Package for creating and manipulating phylogenies

Documentation PackageEvaluator Build Status of master
Works with 1.0!

Installation

The package is registered in METADATA on Julia v0.6 and the General registry on v0.7 and v1.0 and so can be installed with add. For example on Julia v1.0:

(v1.0) pkg> add Phylo
 Resolving package versions...
  Updating `~/.julia/environments/v1.0/Project.toml`
  [aea672f4] + Phylo v0.3.2
  Updating `~/.julia/environments/v1.0/Manifest.toml`
  [7d9fca2a] + Arpack v0.2.2
  [9e28174c] + BinDeps v0.8.9
  [31c24e10] + Distributions v0.16.2
  [90014a1f] + PDMats v0.9.4
  [aea672f4] + Phylo v0.3.2
  [1fd47b50] + QuadGK v2.0.0
  [79098fc4] + Rmath v0.5.0
  [276daf66] + SpecialFunctions v0.7.0
  [4c63d2b9] + StatsFuns v0.7.0
  [0796e94c] + Tokenize v0.5.2
  [30578b45] + URIParser v0.4.0
  [4607b0f0] + SuiteSparse

(v1.0) pkg>

Project Status

The package is tested against the current Julia v1.0 release, but also the previous v0.6 and v0.7 versions on Linux, macOS, and Windows.

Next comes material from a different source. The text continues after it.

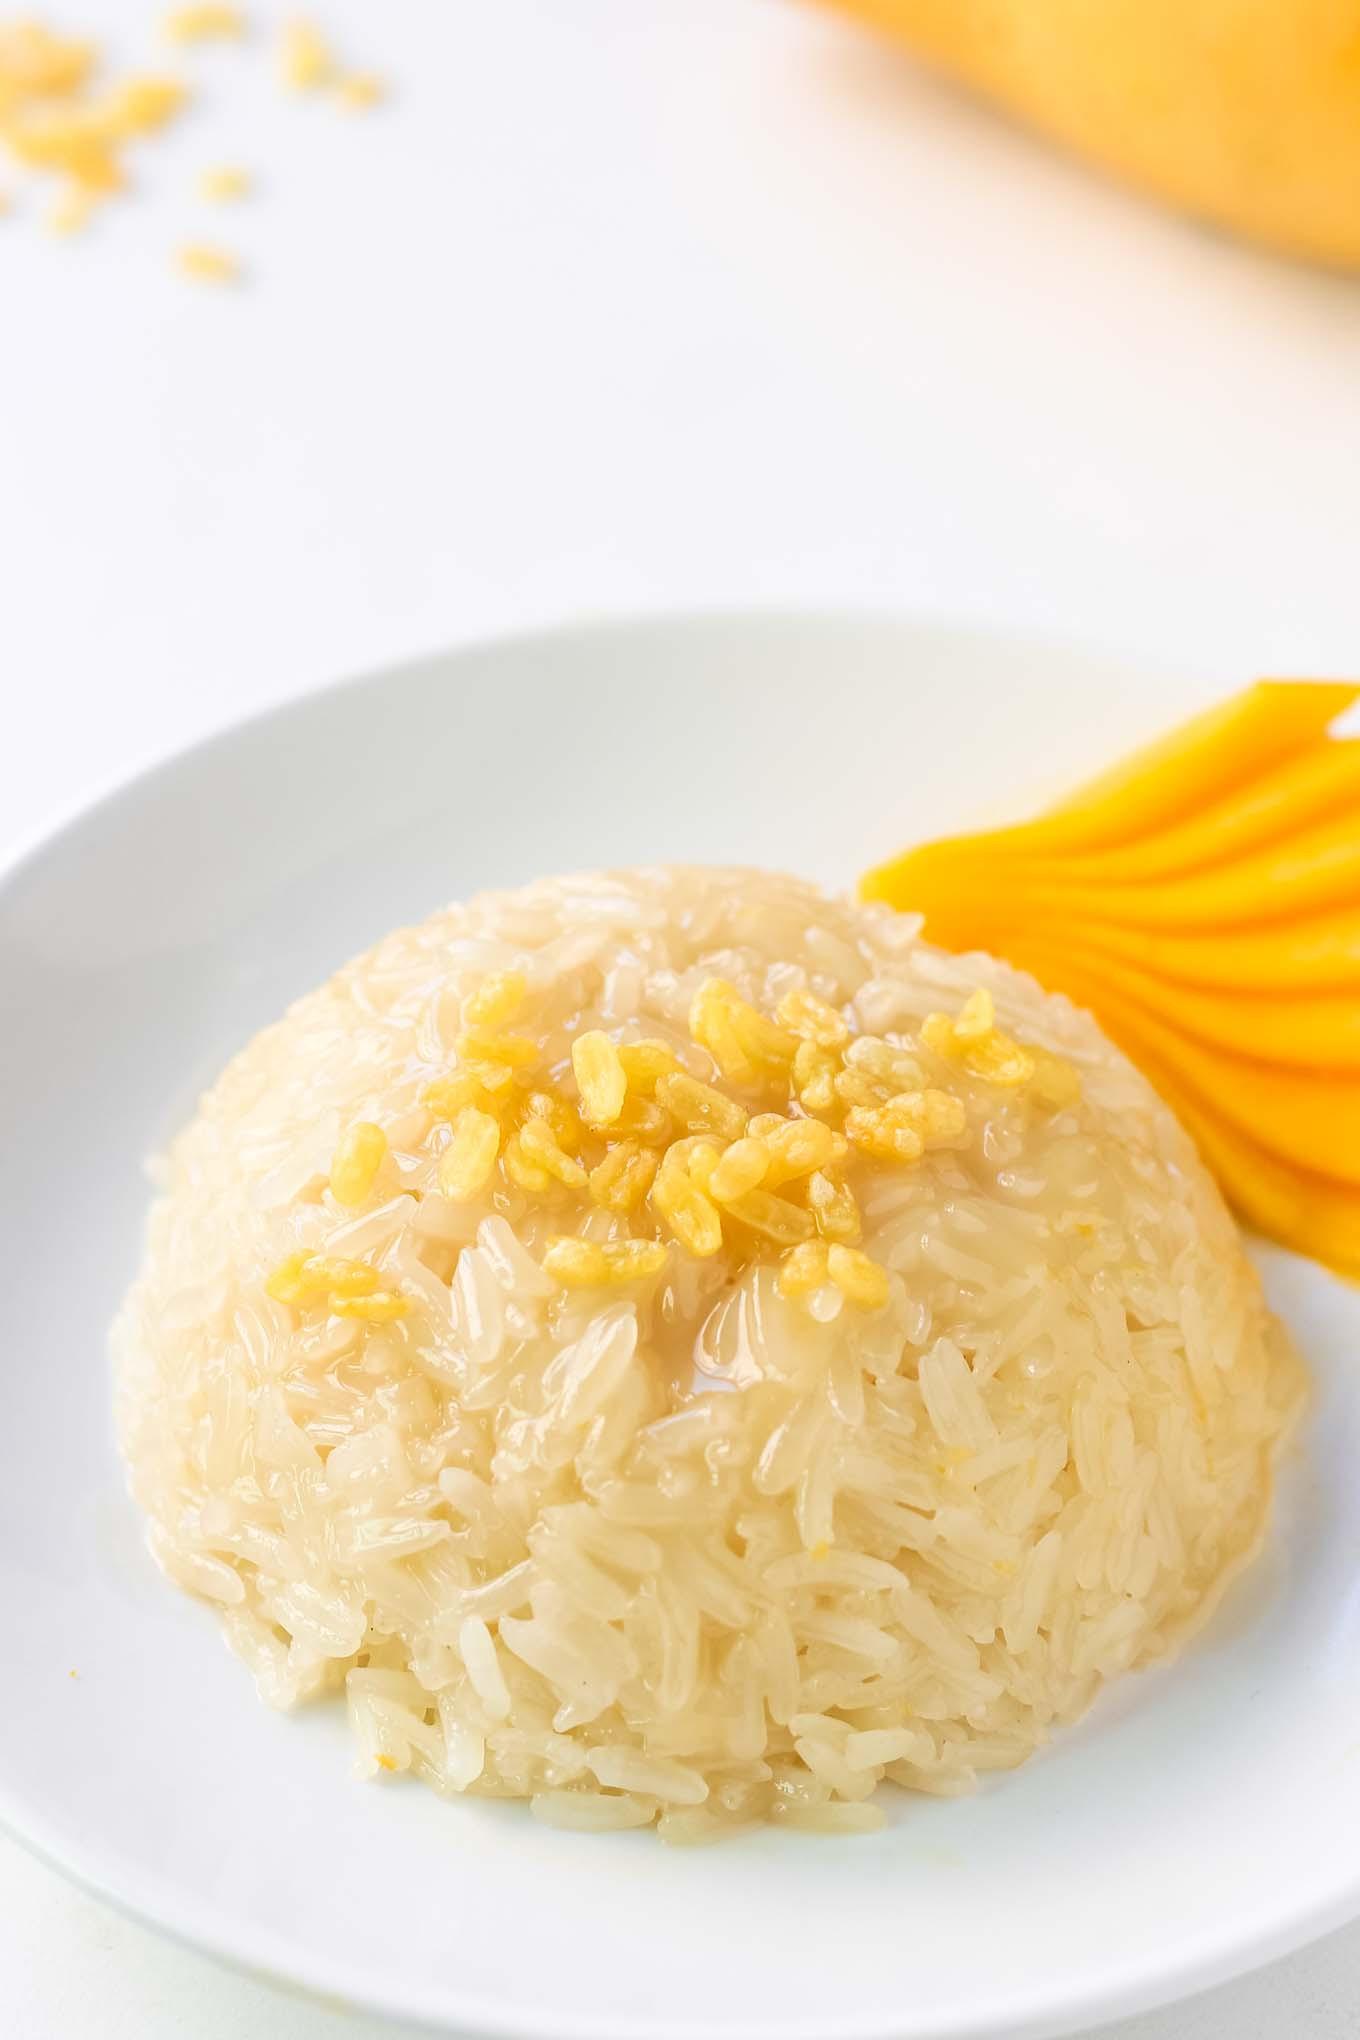 Thai Dessert Recipe  Thai Mango Sticky Rice Dessert Recipe – LeelaLicious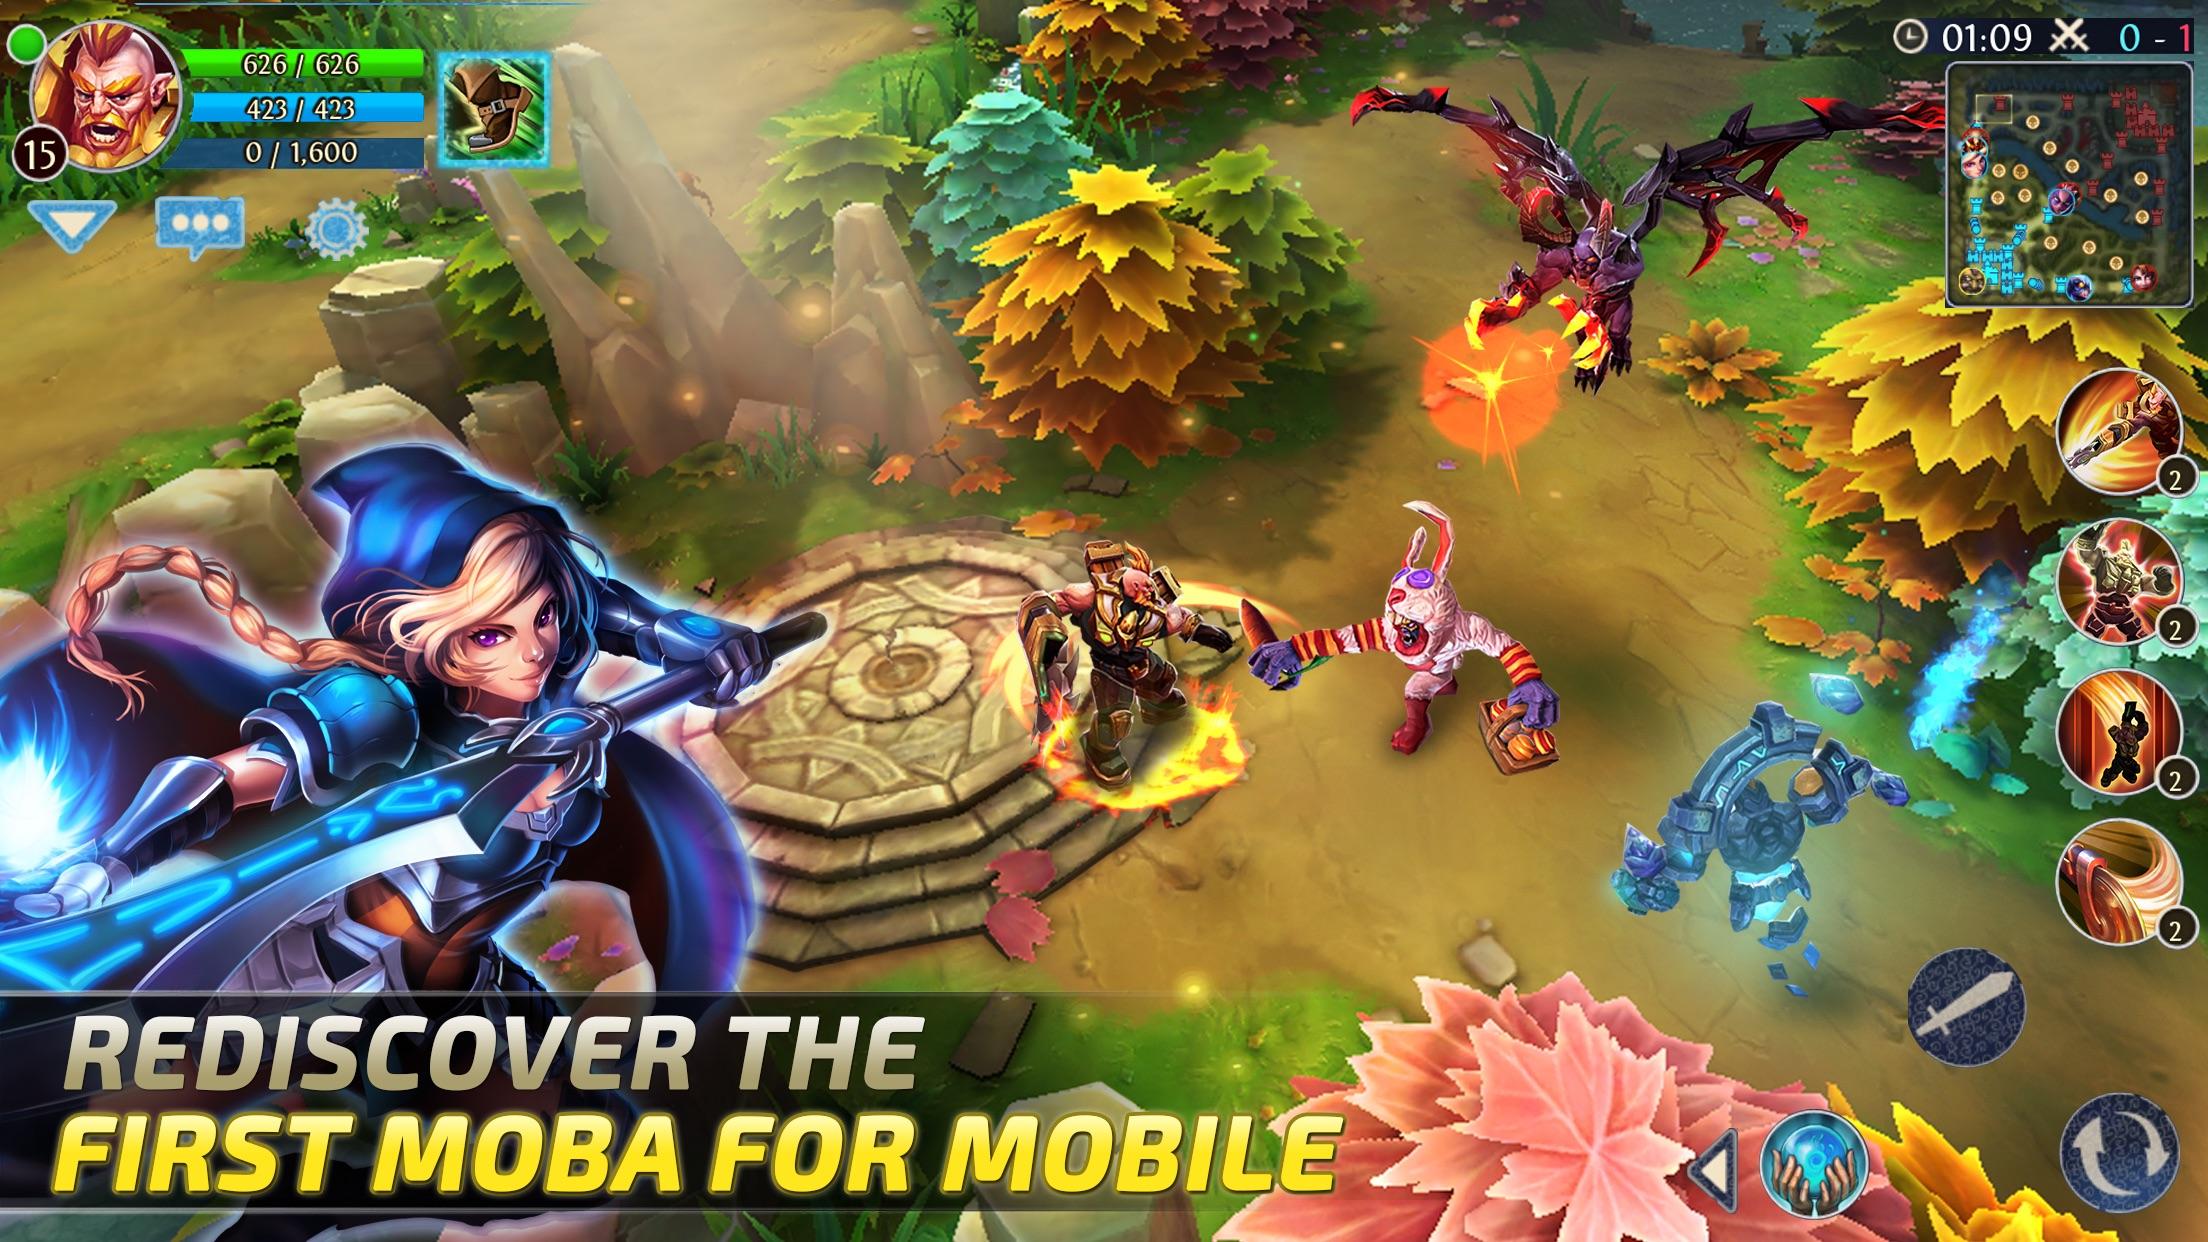 Heroes of Order & Chaos - Multiplayer Online Game Screenshot

Contributing and Questions

Contributions are very welcome, as are feature requests and suggestions. Please open an issue if you encounter any problems or would just like to ask a question.

Summary

Phylo is a Julia package that provides functionality for generating phylogenetic trees to feed into our Diversity package to calculate phylogenetic diversity. Phylo is currently in alpha, and is missing much functionality that people may desire, so please raise an issue if/when you find problems or missing functionality - don't assume that I know! Currently the package can be used to make trees manually, to generate random trees using the framework from Distributions, and to read newick and nexus format trees from files. For instance, to construct a sampler for 5 tip non-ultrametric trees, and then generate one or two random tree of that type:

julia> using Phylo

julia> nu = Nonultrametric(5);

julia> tree = rand(nu)
Phylogenetic tree with 5 tips, 9 nodes and 8 branches.
Leaf names are tip 1, tip 2, tip 3, tip 4 and tip 5

julia> trees = rand(nu, ["Tree 1", "Tree 2"])
TreeSet with 2 trees, each with 5 tips.
Tree names are Tree 2 and Tree 1

Tree 2: Phylogenetic tree with 5 tips,9 nodes and 8 branches.

Tree 1: Phylogenetic tree with 5 tips,9 nodes and 8 branches.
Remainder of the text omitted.